3 March 2023
EU legislators must deliver on faster permitting at the next week’s Renewable Energy Directive trilogue
The European Commission wants wind to be 43% of EU electricity consumption by 2030. But right now new investments and wind turbine orders are falling: the EU only installed 16 GW of new wind in 2022, half of what it should be building for the 2030 objectives.
Permitting remains the key bottleneck for deploying wind at scale. 80 GW of wind energy are today stuck in permitting processes across Europe and it can take up to 10 years for the permitting of a wind farm.
The EU is now discussing changes to its Renewable Energy Directive that can help speed things up. Key negotiations are taking place on Monday 6 March between the EU Commission, the EU Parliament and the EU-27 Member States.

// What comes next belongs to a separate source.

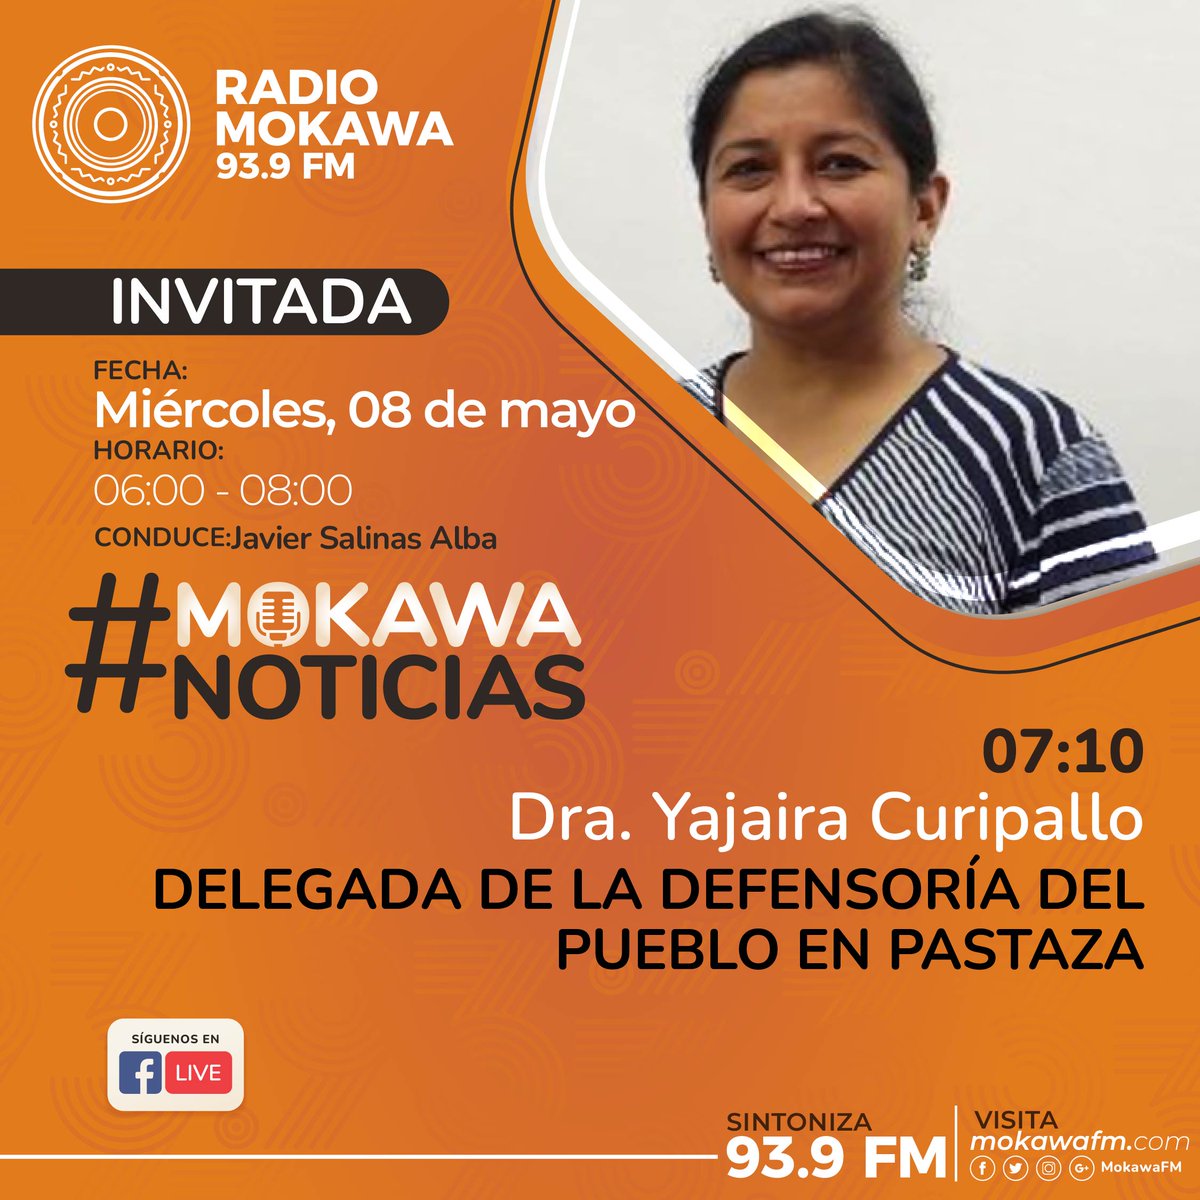 #MokawaNoticias | Este miércoles 08 de mayo, en #LaEntrevista nos acompaña la Dra. Yajaira Curipallo, Delegada de la Defensoría del Pueblo en Pastaza. Siga la entrevista en vivo en los 93.9 FM en la Amazonía centro y en mokawafm.com

WindEurope together with Eurelectic and SolarPower Europe outlines 5 outstanding priorities that negotiators should factor in the revision of Europe’s 2030 permitting rules for renewables. These are :
- ‘Overriding public interest’ must apply to all renewables until climate neutrality is reached;
- The pipeline of projects stuck in permitting processes must be unblocked;
- Permitting for projects in and outside of renewable ‘acceleration areas’ must be simultaneous;
- Land use designation rules must allow nature-positive renewable energy deployment;
- Permitting rules must be future-proofed for a 2050 EU energy system dominated by renewables.